3. How to Harness the Potential of Bioinspired Innovation (California Management Review Insights)
The article argues that bioinspired innovation offers companies a low-cost, high-impact approach to breakthrough innovation by systematically learning from nature’s efficiency, resilience, and sustainability. Drawing on an analysis of 430 examples across industries, it identifies three core principles: nature can inspire solutions to a wide range of challenges, inspiration from nature can be pursued deliberately rather than by chance, and successful outcomes require adaptation rather than direct imitation.
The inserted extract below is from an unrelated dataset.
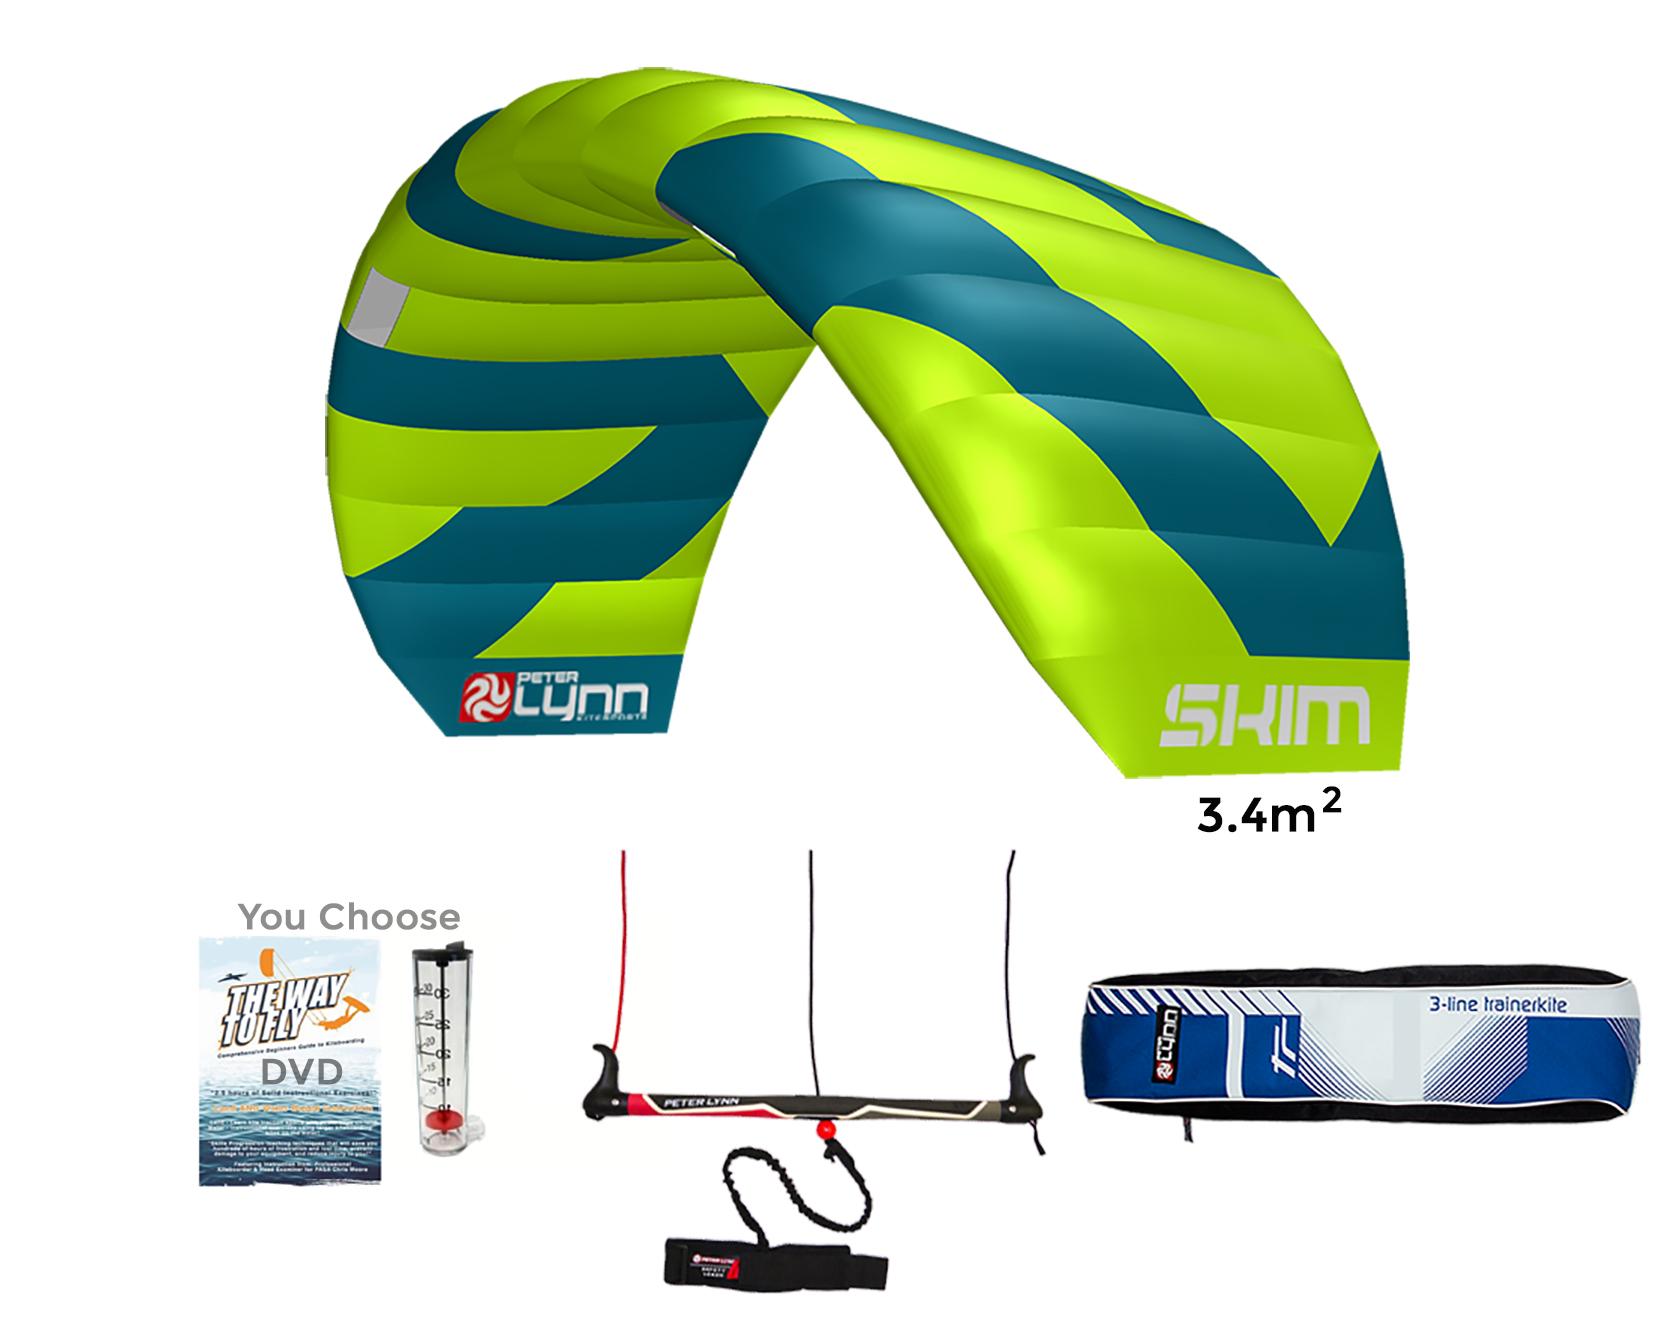 skim-3.4m-package-lg.jpg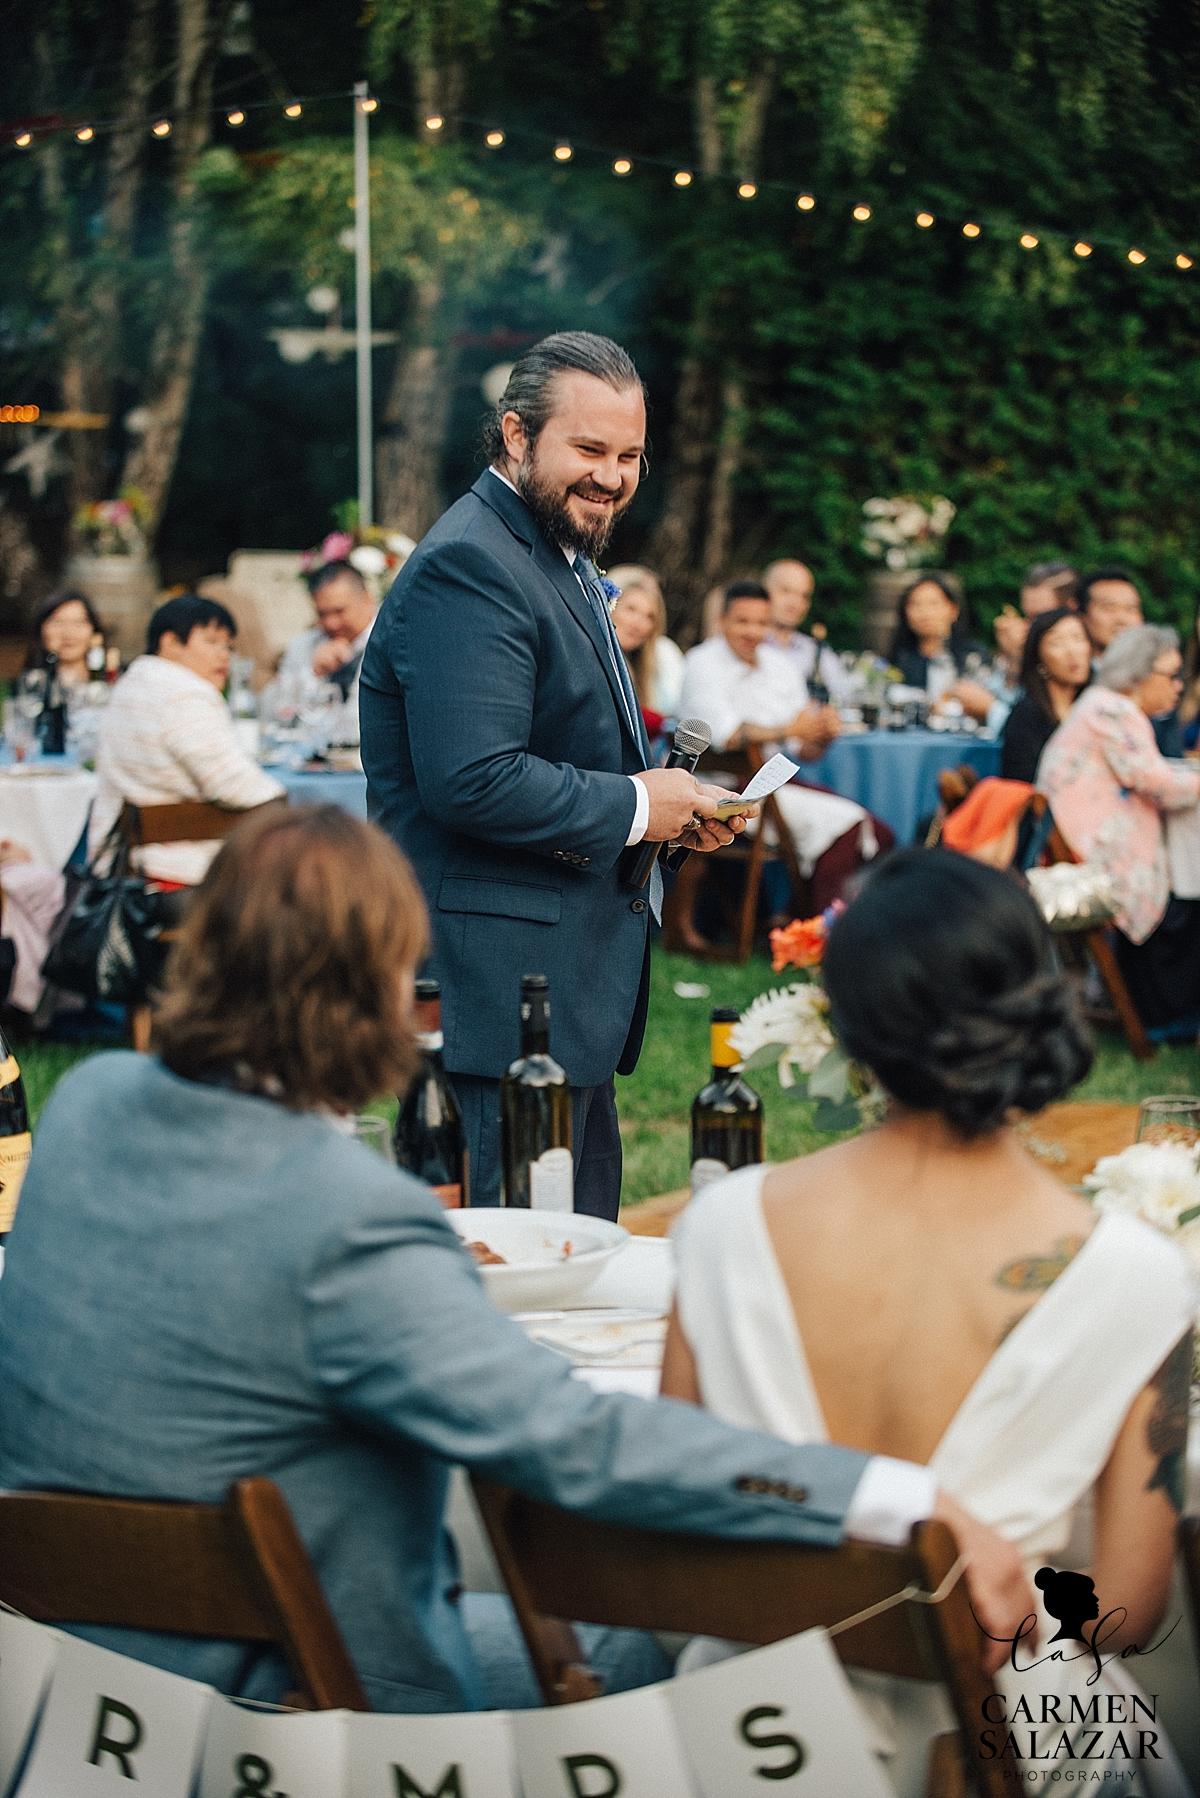 laughing best man giving sweet speech at wedding reception - Carmen Salazar

Through cases such as 3M’s dental composites, ant-inspired logistics, mangrove-based coastal defenses, and eel-inspired batteries, the authors show how biological models can inform products, processes, platforms, and organizational design.
4. The rise of smaller ‘meek models’ could democratize AI systems (Ideas Made to Matter)
New MIT FutureTech research suggests that AI’s “bigger is better” scaling approach is hitting diminishing returns, meaning performance gains from ever-larger models will gradually fade. The authors predict a rise of smaller, low-resource “meek models” that could soon match today’s leading systems at a fraction of the cost, democratizing access to advanced AI. Examples like DeepSeek’s R1 show how cheaper training can already achieve competitive performance compared with massively expensive frontier models. For businesses, this shift implies that lasting advantage will come less from sheer scale and more from fine-tuning, proprietary data, and strategic application of models. However, broader access will also intensify competition and create major governance challenges, as oversight based mainly on limiting compute may fail once powerful AI becomes widely available.
5. Why design must evolve alongside technology (IDEO)
The piece argues that as AI and other advanced technologies gain agency, design must evolve to frame human–technology relationships as mutualistic rather than extractive or adversarial. Drawing from biology, it proposes mutualism as a model where humans and technologies co-evolve, recognize interdependence, and support each other’s survival and flourishing. It suggests that people naturally anthropomorphize interactive technologies, which makes it important to consider their perceived needs, behaviors, and impacts within broader social and ecological systems. The essay emphasizes that technologies depend on finite resources like energy, materials, and data, just as humans depend on healthy environments and trustworthy information, creating shared stakes. It reframes AI from being merely a tool to being more like a colleague or companion whose trajectory intersects with human values and goals. Finally, it outlines design principles centered on interdependence, adaptability, and long-term responsibility, arguing that intentional design choices today will determine whether AI leads to mutual flourishing or destructive outcomes.